TASK DIRECTIONS: Exact copy, no pictures: return all the data below as written.

DATA BELOW:
- - - - - - -

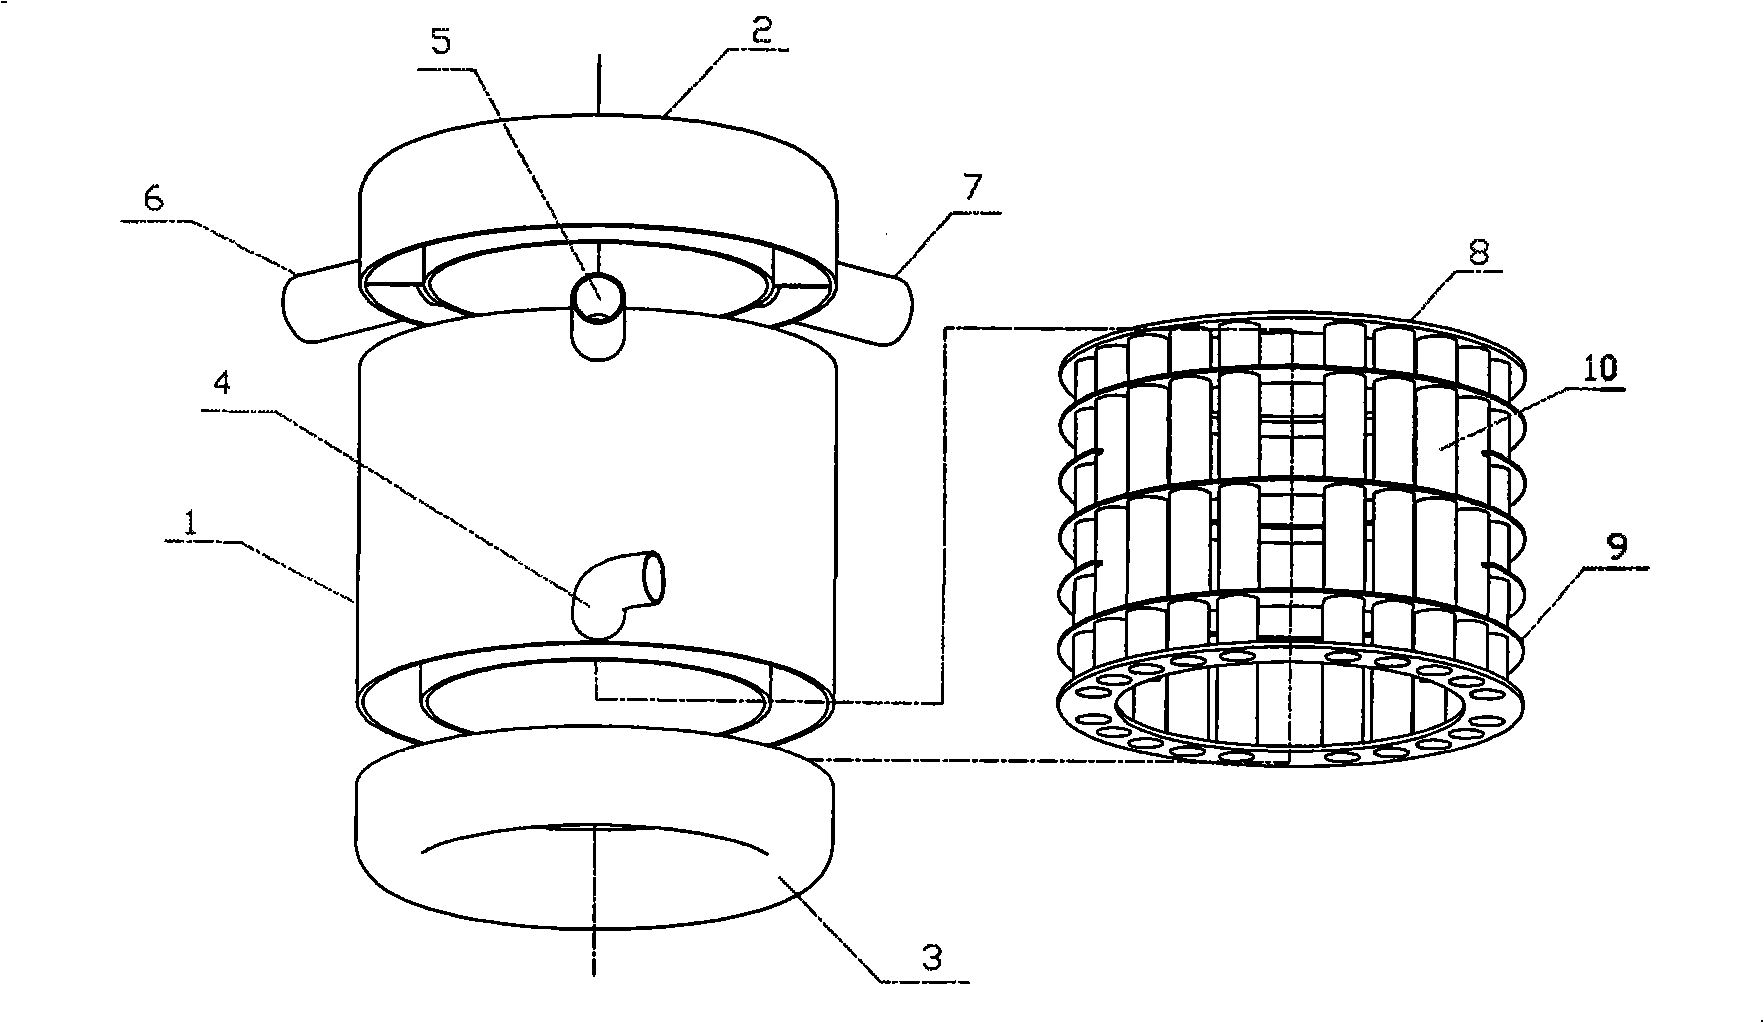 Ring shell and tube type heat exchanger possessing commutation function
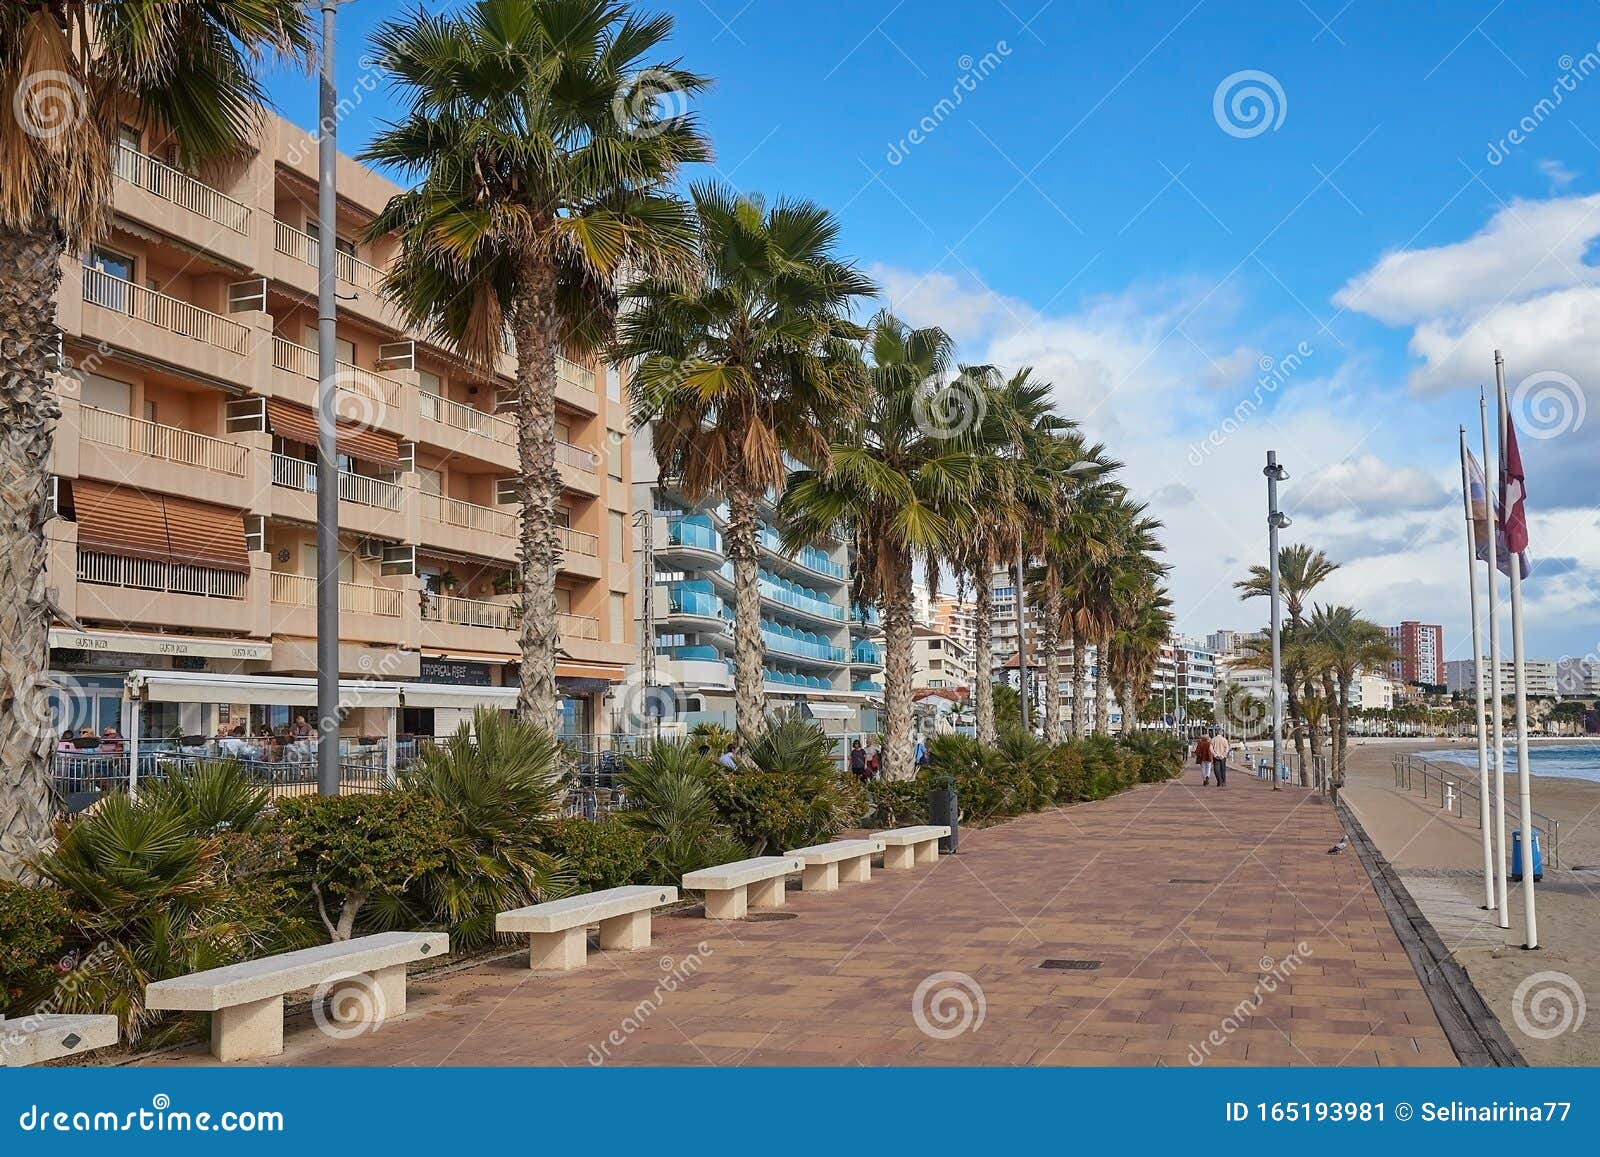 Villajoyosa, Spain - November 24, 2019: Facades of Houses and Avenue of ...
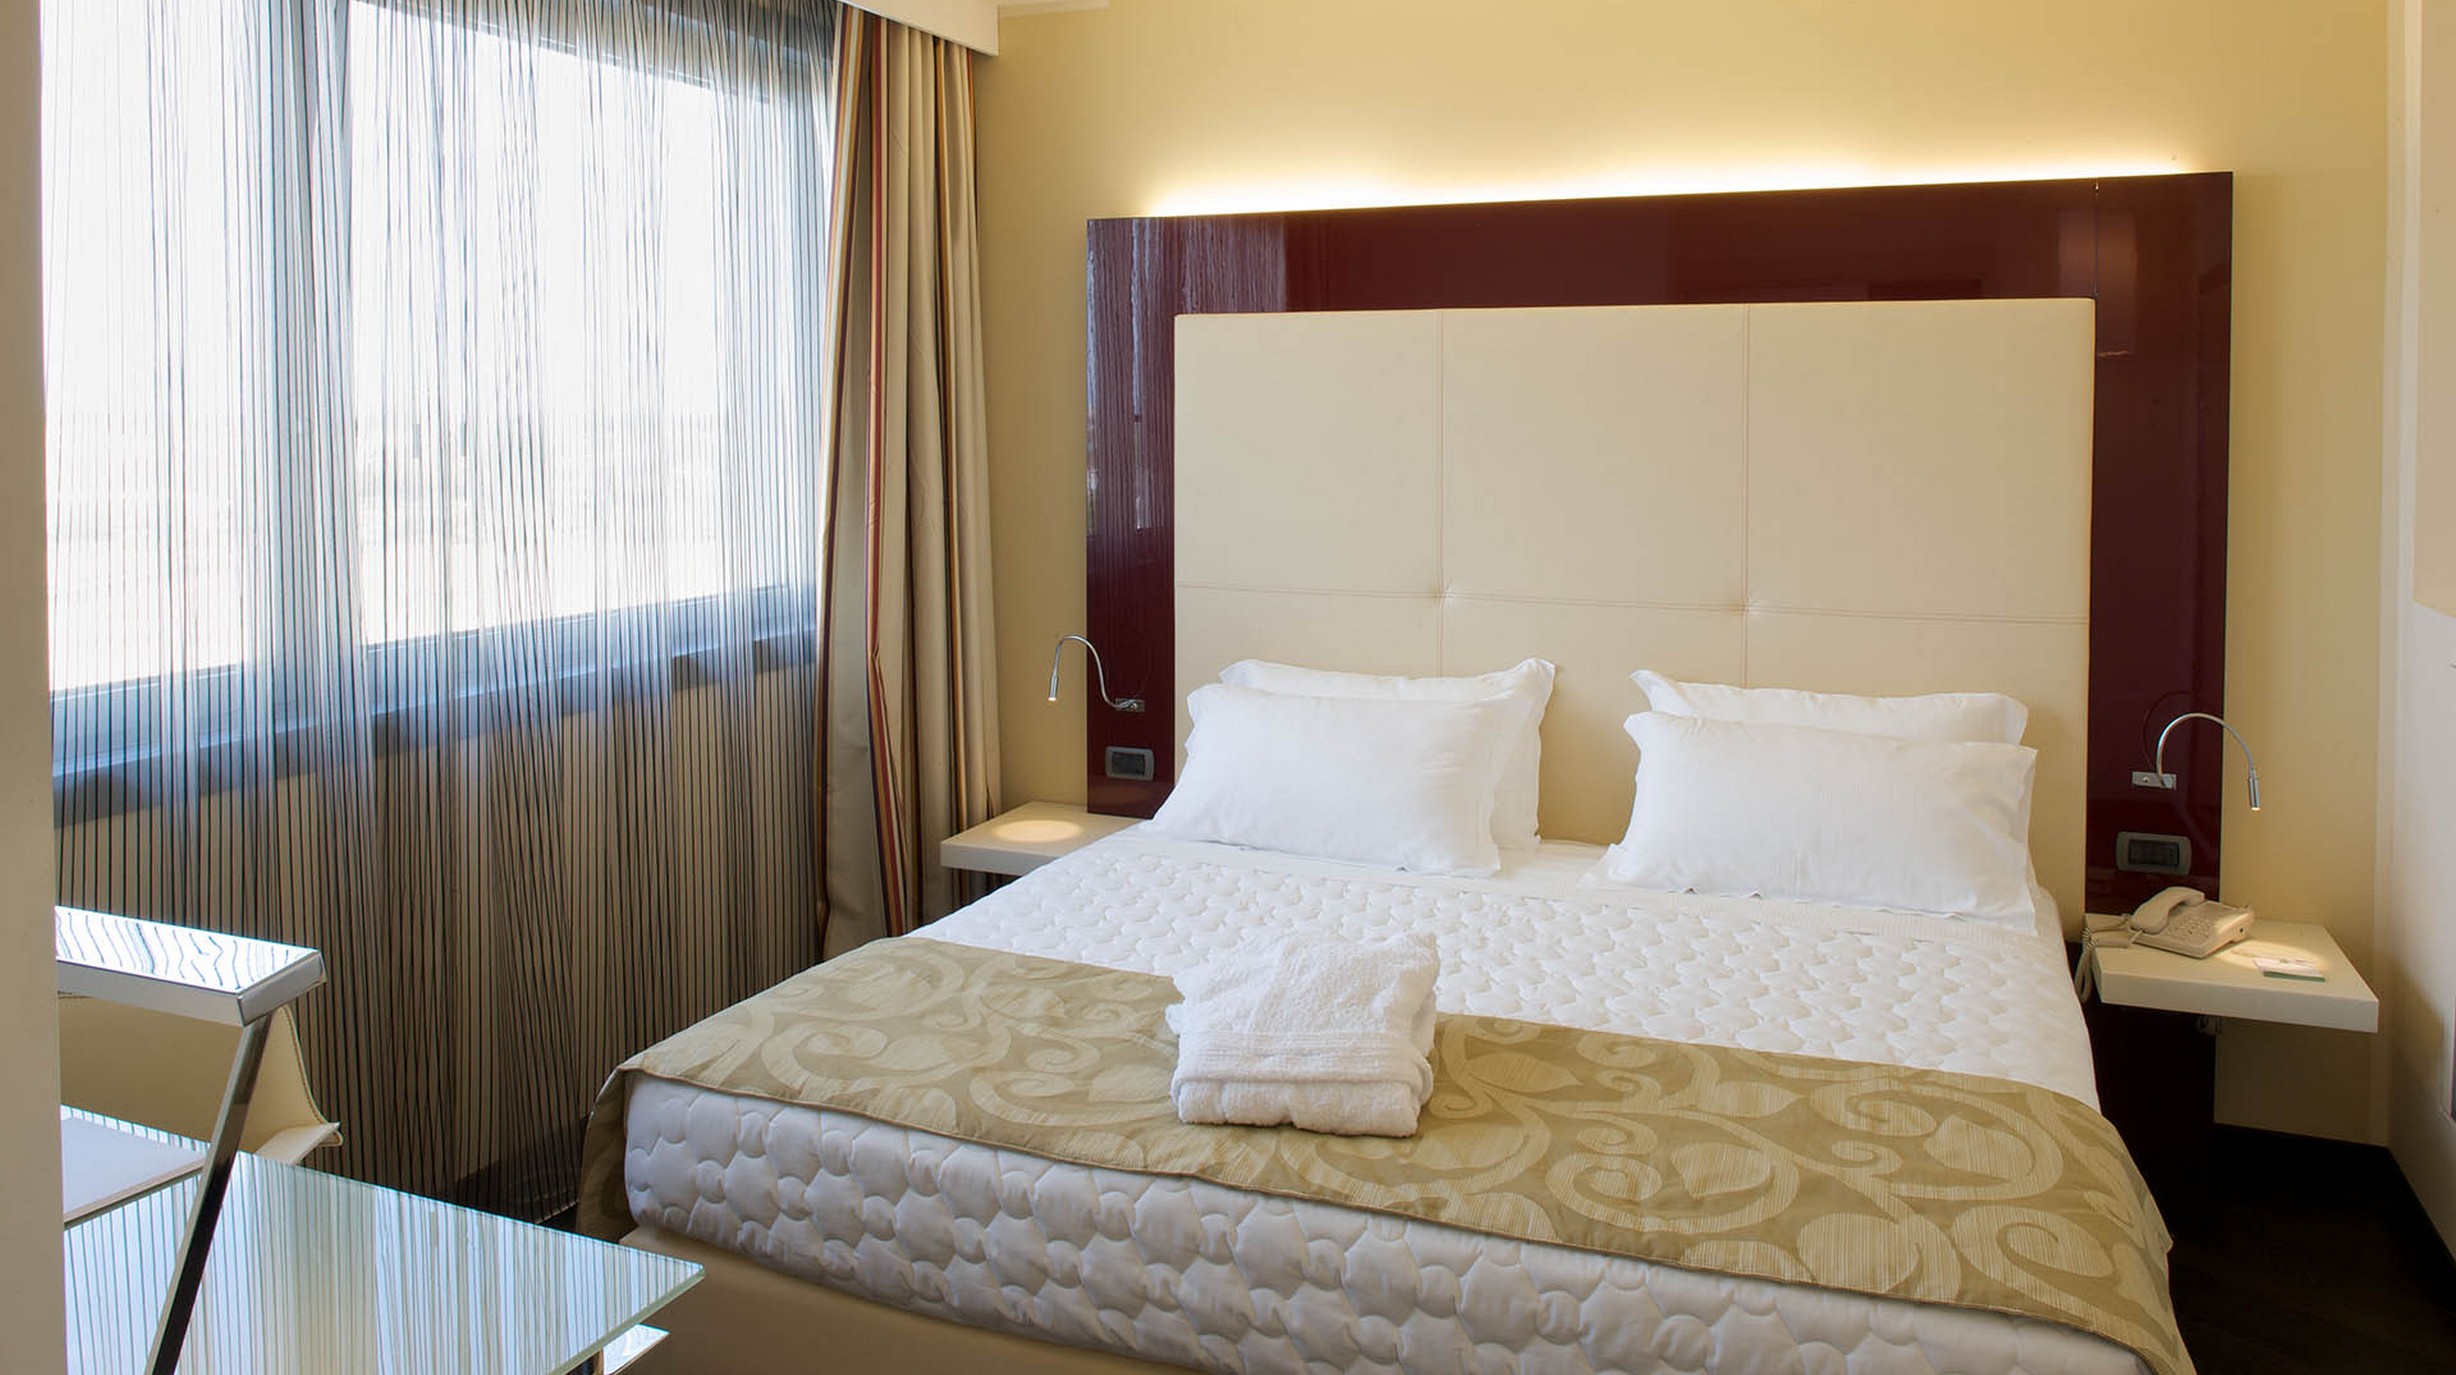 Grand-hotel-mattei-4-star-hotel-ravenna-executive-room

- - - - - - -

SOLUTION TO THIS PROBLEM:
 Ring shell and tube type heat exchanger possessing commutation function
 Villajoyosa, Spain - November 24, 2019: Facades of Houses and Avenue of ...
 Grand-hotel-mattei-4-star-hotel-ravenna-executive-room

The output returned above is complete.